君という名の物語
それから二週間、有本は遊んでいるような楽しくなるようなお題をたくさん出した。いつからか春香は演劇部にいくのが楽しみになっていた。
そして決戦の日。
部室の中央には仕切り板が置かれ、春香と悟はエレベーターに乗るように想定された位置へと進む。エチュードは互いが見えない状態で同時に行われるのだ。
有本の手が鳴り、エチュードが始まる。
右側。悟は「パニック」を完璧に演じた。衝撃に驚き、非常ボタンを連打し、マイクに叫び、ドアを激しく叩く。それはまさに、本山監督の指導通り、極限状態を「表現」する技術の粋だった。
左側。春香は、棒立ちのまま、少しだけ「ん?」と小首を傾げた。そして、おもむろに携帯を取り出し、お気に入りのパズルゲーム『パンポン』を始めた。
観客の映研部員が失笑する。「こんな状況でバカかよ」
やがて悟は絶望し、床に項垂れる。
春香は携帯を閉じ、ふーっと長く息を吐いて「退屈」そうに天井を仰いだ。そして、ふと思いついたように非常ボタンを押すが、返答がないと分かると、考え込み、最後にはしゃがみ込んでぼんやりと上を見つめた。
悟は無理やりドアをこじ開けて脱出し、ガッツポーズで自分の「演技力」を誇示した。
春香は、ただ最後にはトイレに行きたそうなソワソワした「身体の反応」を見せたところで、終了の合図が鳴った。
判定の時。
本山監督は悟の「鬼気迫る演技」を絶賛した。しかし、有本先生は静かに問いかけた。
「映研の佐藤君、なぜ橘さんが『パンポン』という特定のゲームをしていると分かったんですか?」
「え……それは、手の動きとか、目の追い方が、マジでパンポンやってる時のそれだったから……」
「そう。それが『伝わる』ということです。本山君の演技は段取りをなぞっているだけで、外の世界との繋がりがない。だから取って付けたように見えるんです」
「なに言ってる! 完璧に演じてたじゃないか! その目は節穴か?」
激昂する本山監督を背に、有本は毅然と言い放った。
「私はあなたの指導方針は嫌いです。
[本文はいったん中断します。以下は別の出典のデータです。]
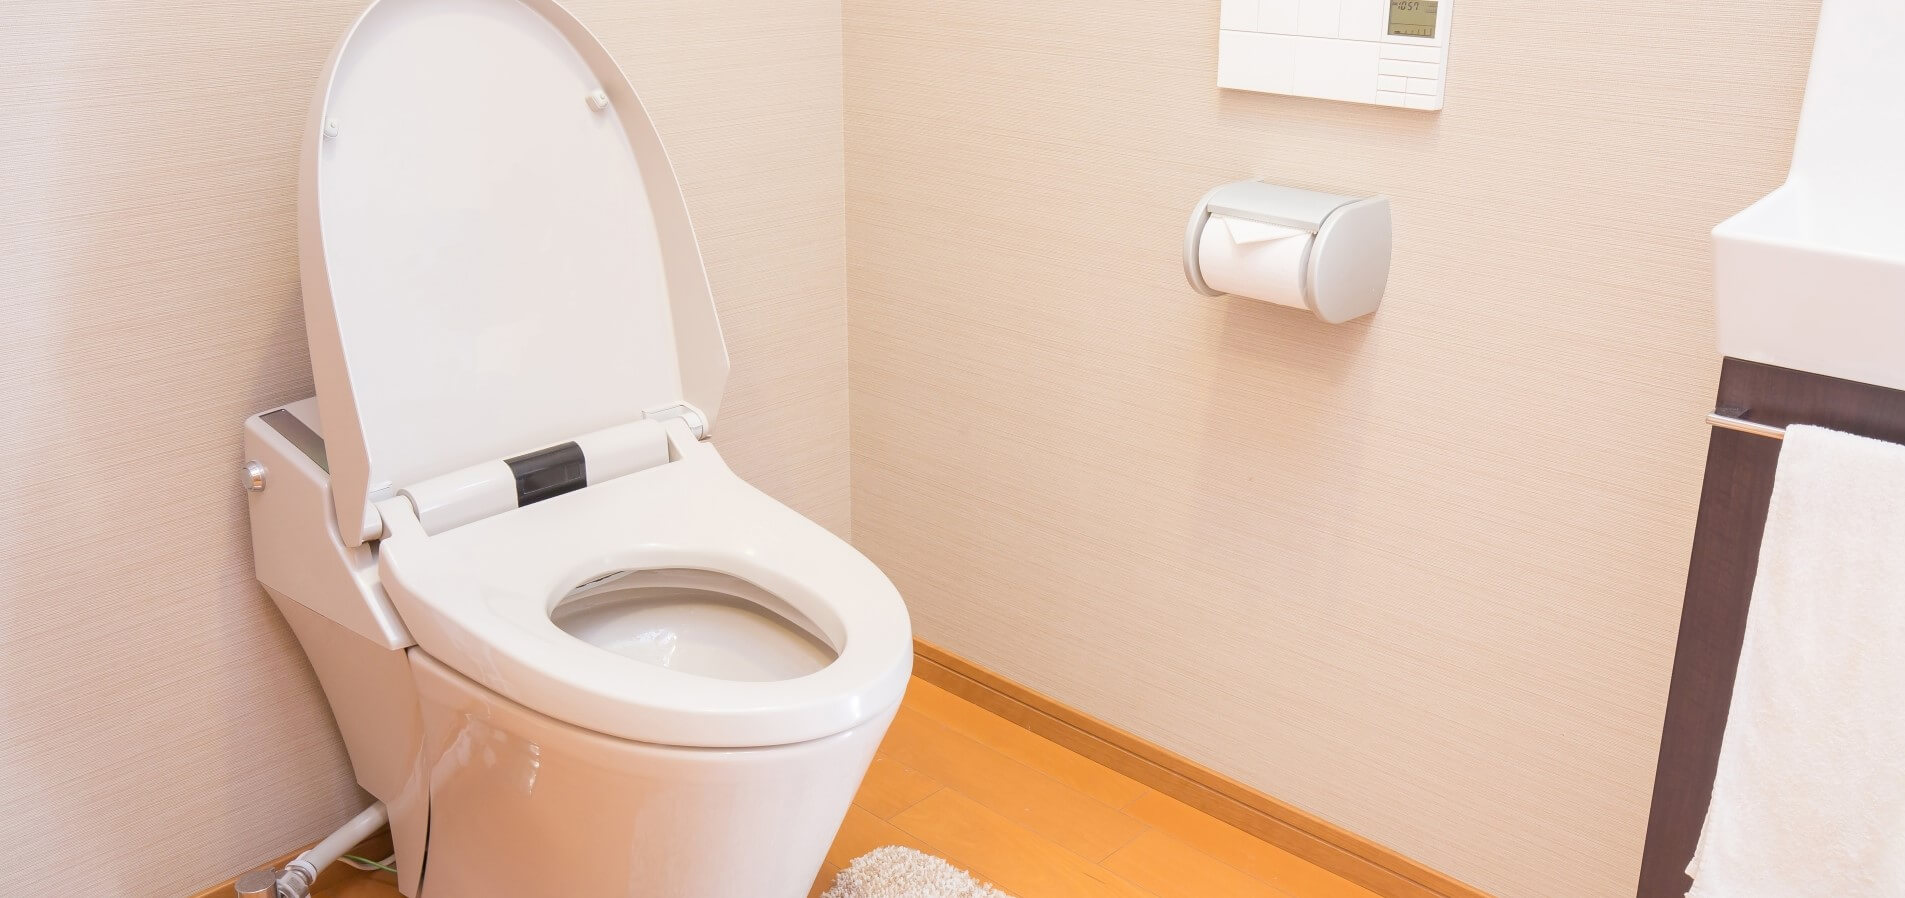 トイレのつまり・水漏れ修理と料金表 ｜ザットマン

演技を齧る《かじる》と頭で考えがちになるが、橘さんは未経験ゆえに、身体が自然に反応していた。それが『真実』ですよ」
本山監督が立ち上がって吼えた。そこには相手に対しての尊厳も何もない。
「何を言ってるんだ! 悟の演技は完璧だった! お前の遊びに付き合ってる暇はない。行くぞ悟!」
本山はそう言い放つと教室を出て行った。悟も慌てて後を追う。
監督親子が去った後、部室には晴れやかな空気が満ちていた。演劇部の自由は、一人の「魔法少女オタク」の、飾らない日常の断片によって守られた。
「さあ皆さん、勝負は有耶無耶になってしまいましたが、演劇部の自由は保たれました。レッスンを始めましょう。この中には、将来演技を仕事にしていく者、趣味や興味で参加している方、裏方を目指している方、色々な方がいると思います。お芝居を仕事にすると言うのはとても大変な事です。努力しても認められなかったり、自分には向いてないんじゃないか、収入面での不安や葛藤。特殊な世界です。私はそう言う世界で生きてきました。そして今度は講師として、皆さんと一緒に成長していこうと思っています。
放課後、夕焼けに染まる廊下。
友樹が一人、窓の外を見つめていた。
「先輩」
春香の呼びかけに、友樹が振り返る。
「色々ありがとうございました。私、演劇部をやってみようと思います。今、凄くワクワクしてて」
「良かった。……あ、脚本、読んでくれた?」
「はい。(クスクスと笑いながら)あんまり面白くないですね」
「……手厳しいな」
苦笑する友樹。だが、その瞳にはこれまでになかった創作への意欲が宿っていた。
「でも、書きたい話を見つけたんだ」
「え、どんな話ですか? 教えてください!」
「橘さん。君のことを書きたい」
友樹はまっすぐに春香を見つめた。
「魔法も才能も持っていないはずの君が、ただそこに『在る』だけで世界を変えていく物語だ。書いても、いいかな?」
春香は驚き、少しだけ俯いた。
そして、ゆっくりと顔を上げると、みなせちゃんが杖を掲げた時のような、誇らしげで、瑞々しい微笑みを浮かべた。
「……期待して、待ってます!」
放課後の廊下に、新しい物語の鐘が鳴り響く。
それは、平凡な日常を最高に特別な「魔法」へと変える、彼女たちだけのオルタナティブな幕開けだった。